*Problem requirements*: Whenever a picture appears in the listing below, leave it out, and copy exactly the lines from the one containing "Loulou 100MM Block Heel Mule Sandal" through the end.

*Dataset extract*:
[Start of Attachment]
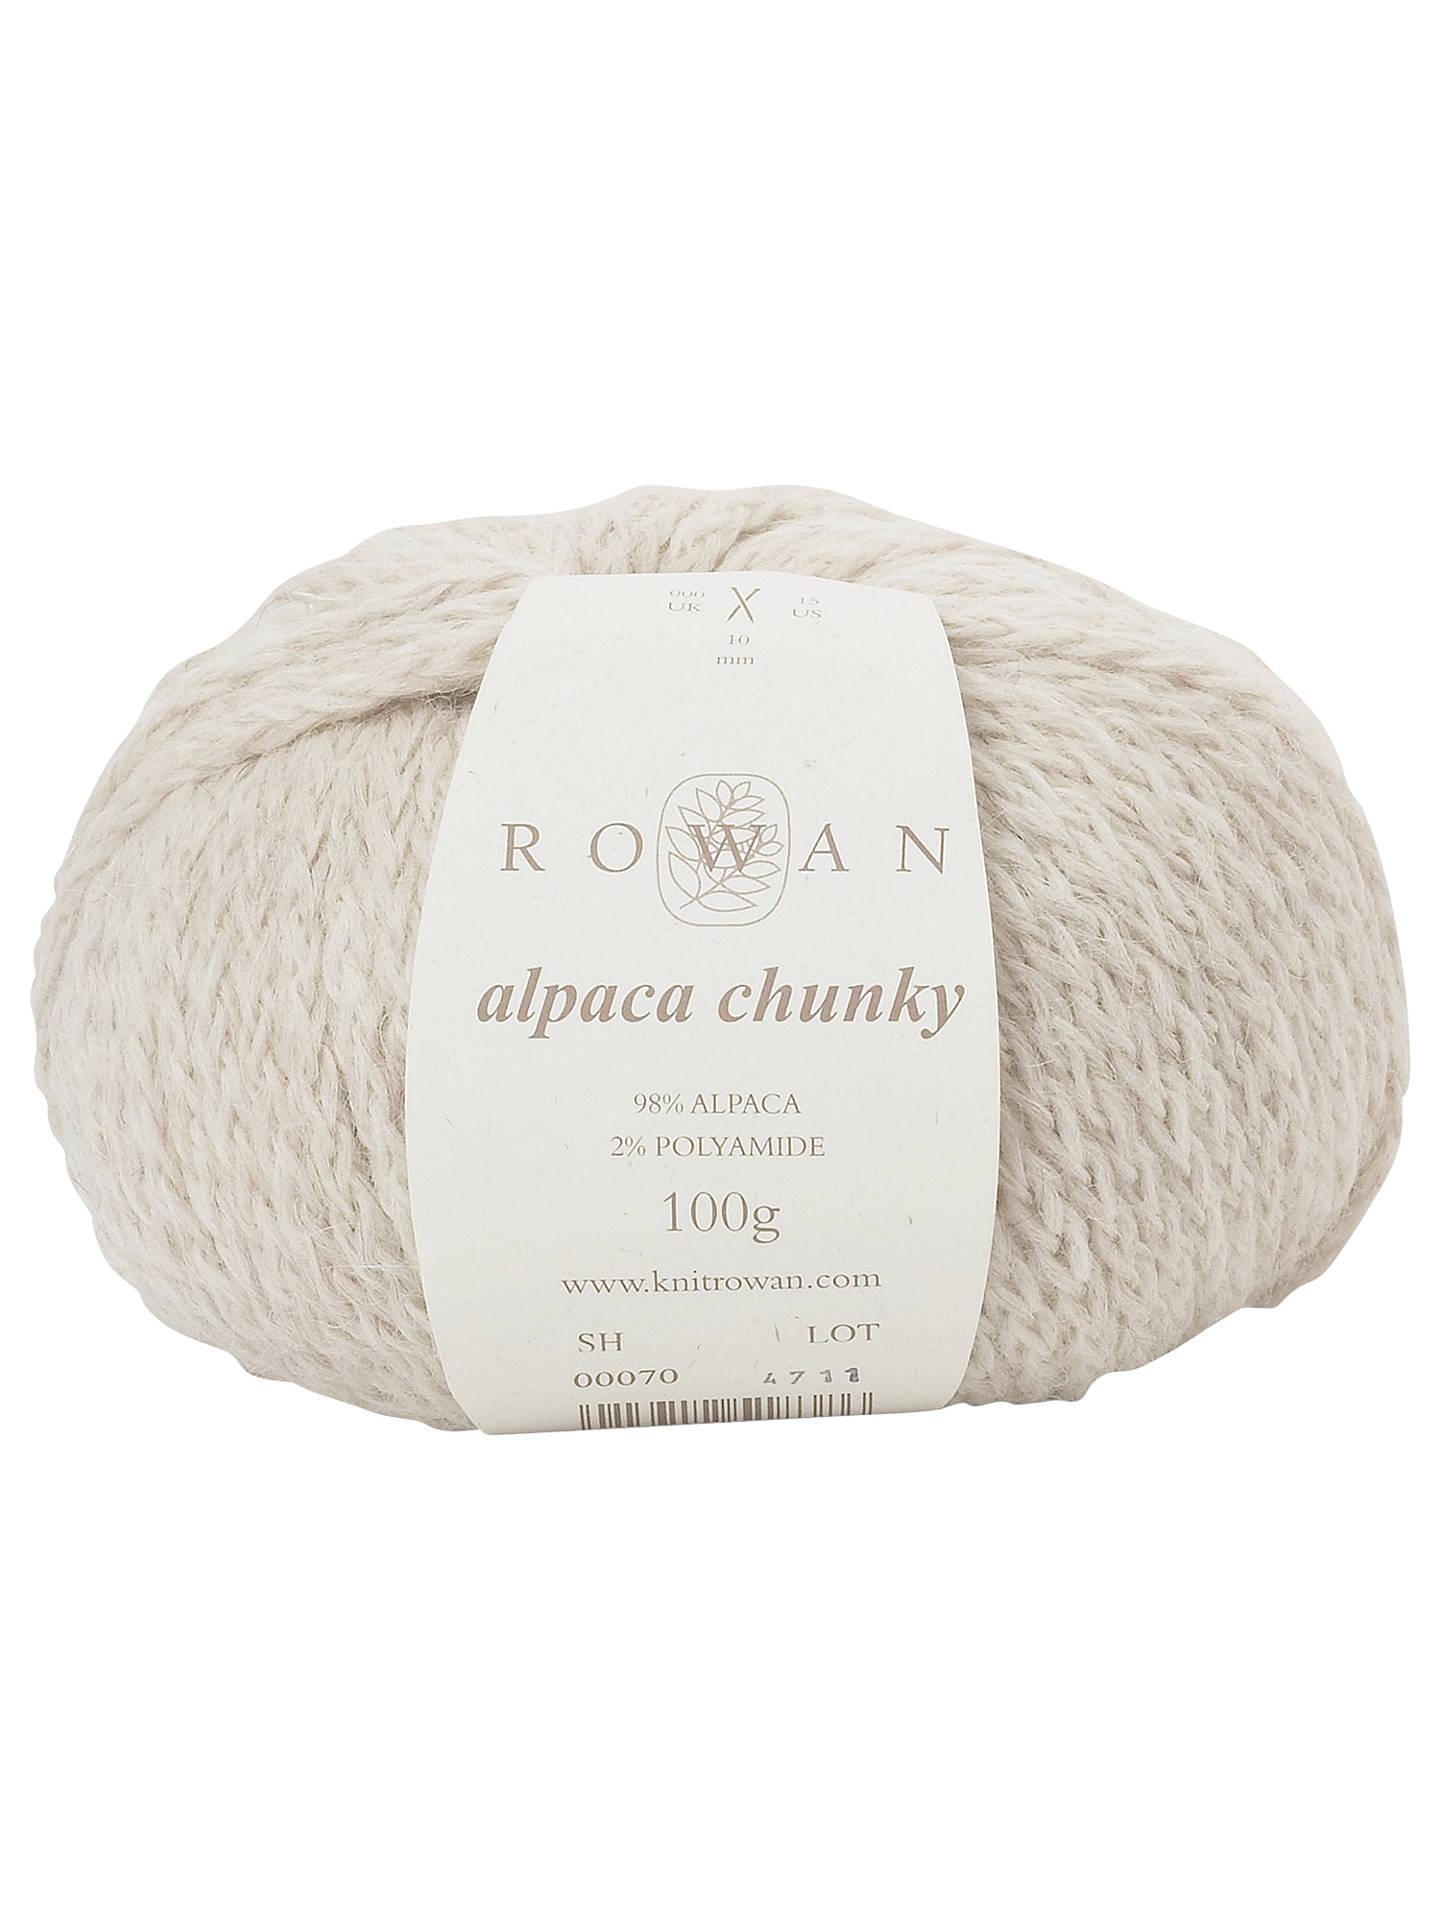 6f69e21db2e Buy Rowan Alpaca Chunky Yarn
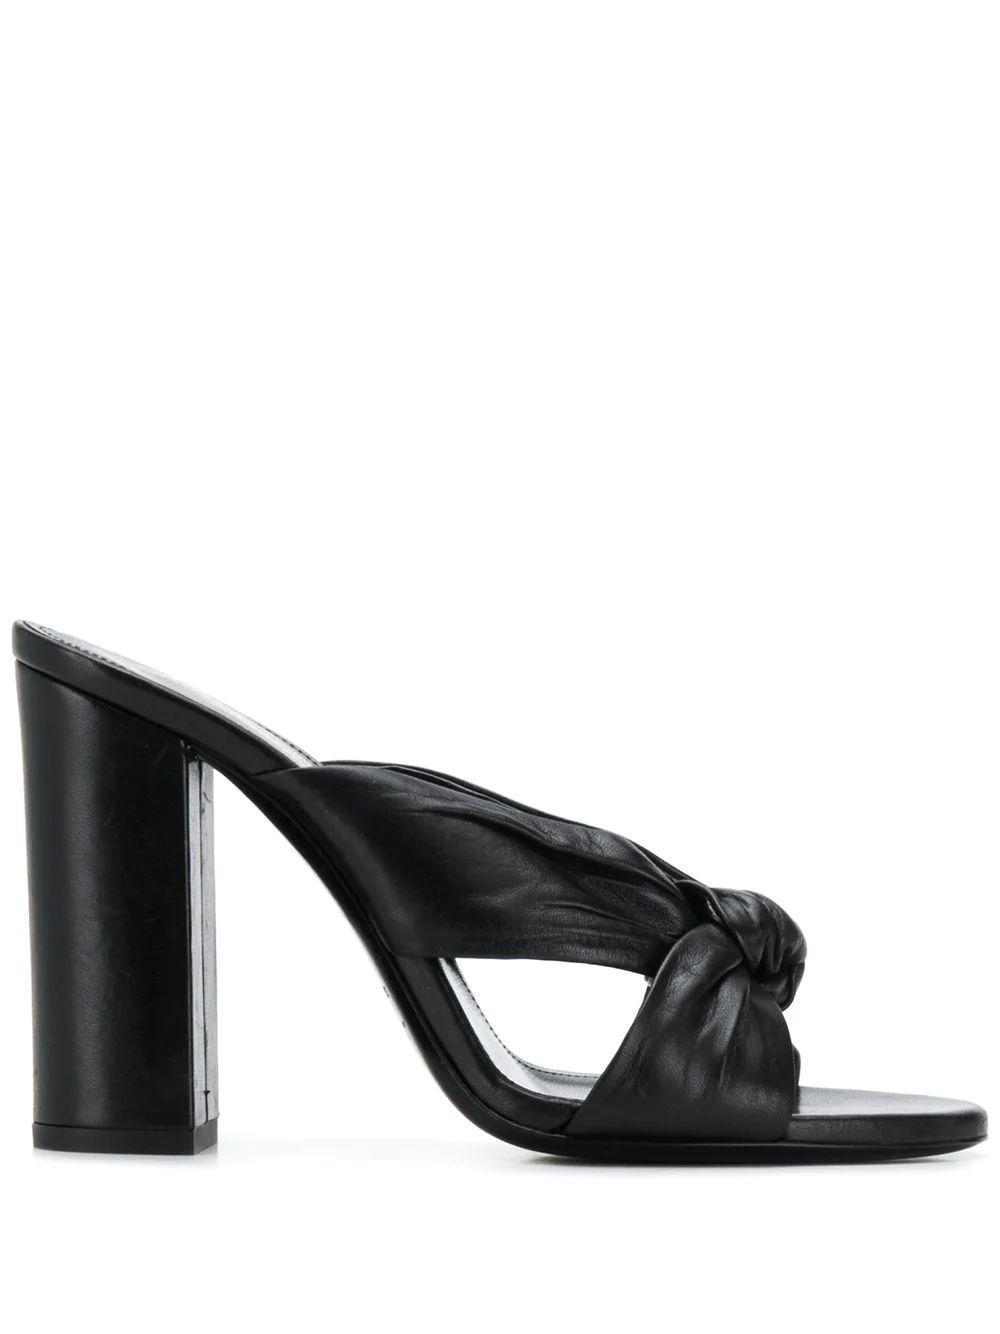 Loulou 100MM Block Heel Mule Sandal
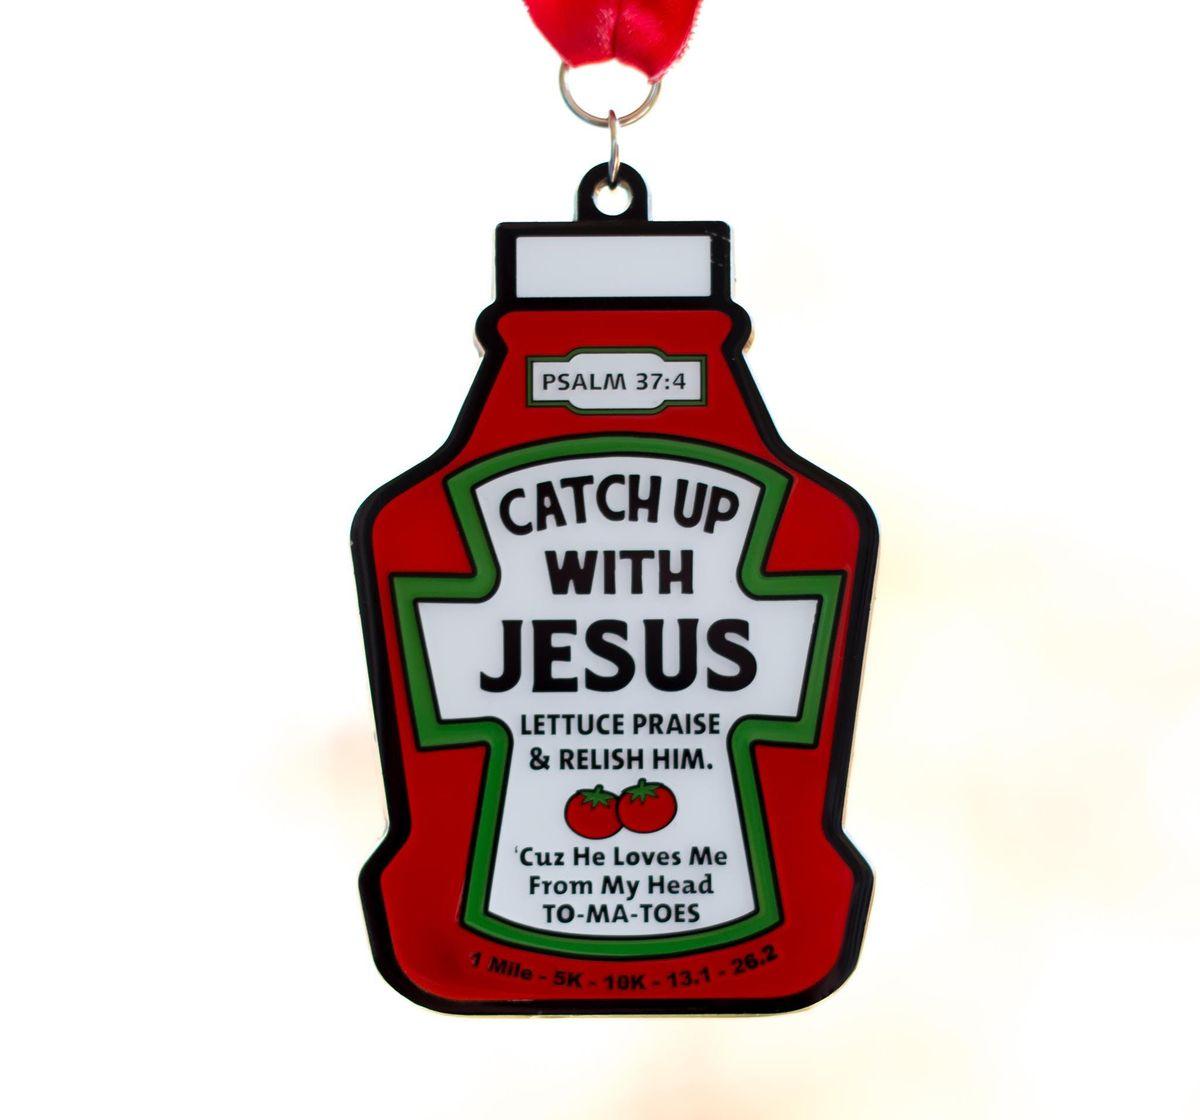 2019 Catch Up With Jesus 1 Mile 5K 10K 13.1 26.2 - Coeur d Alene
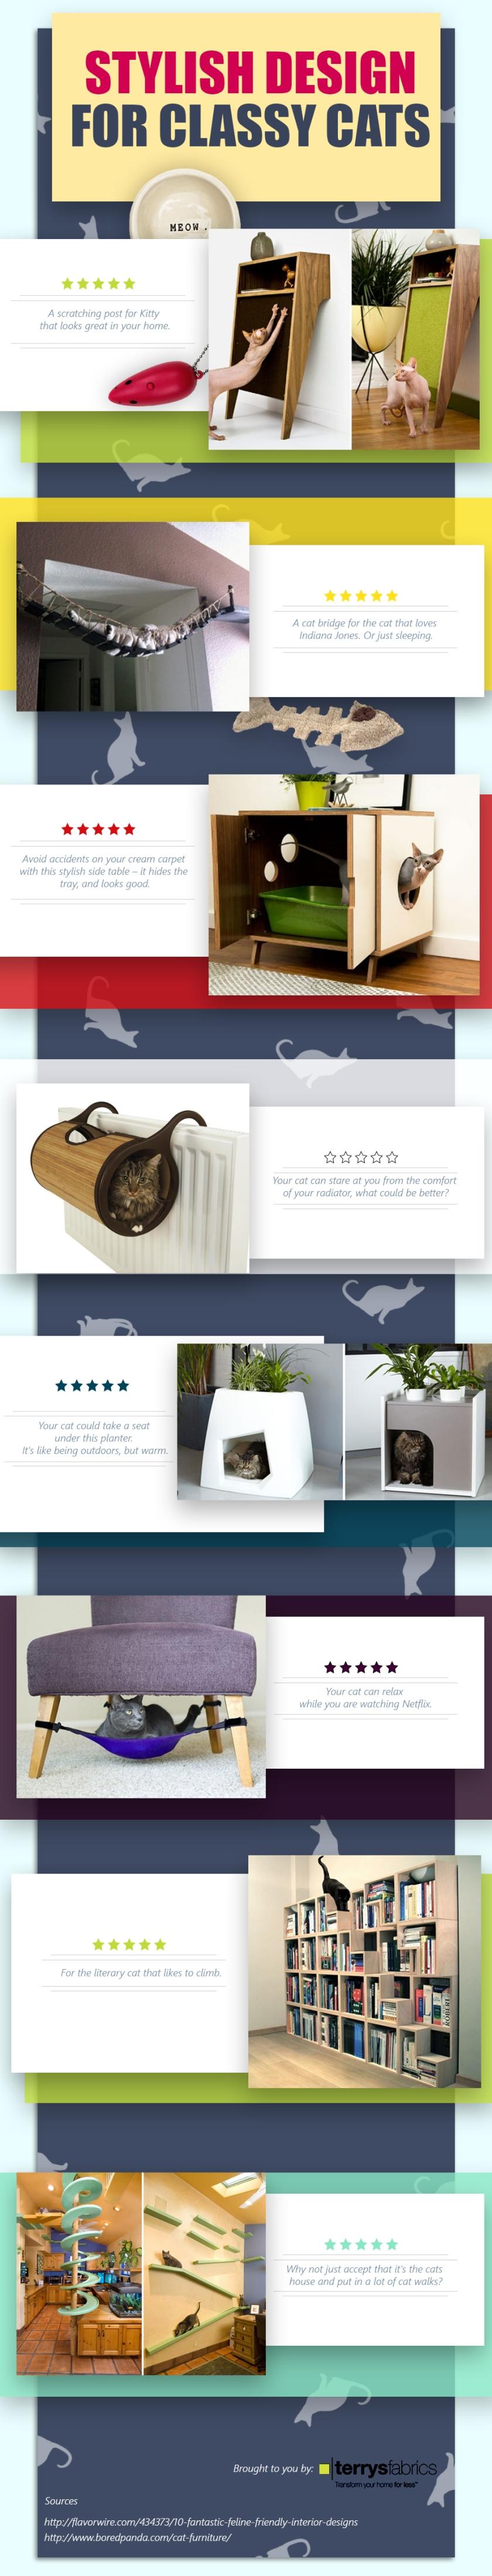 stylish-design-for-classy-cats.jpg
[End of Attachment]
*Task solution*:
 Loulou 100MM Block Heel Mule Sandal
 2019 Catch Up With Jesus 1 Mile 5K 10K 13.1 26.2 - Coeur d Alene
 stylish-design-for-classy-cats.jpg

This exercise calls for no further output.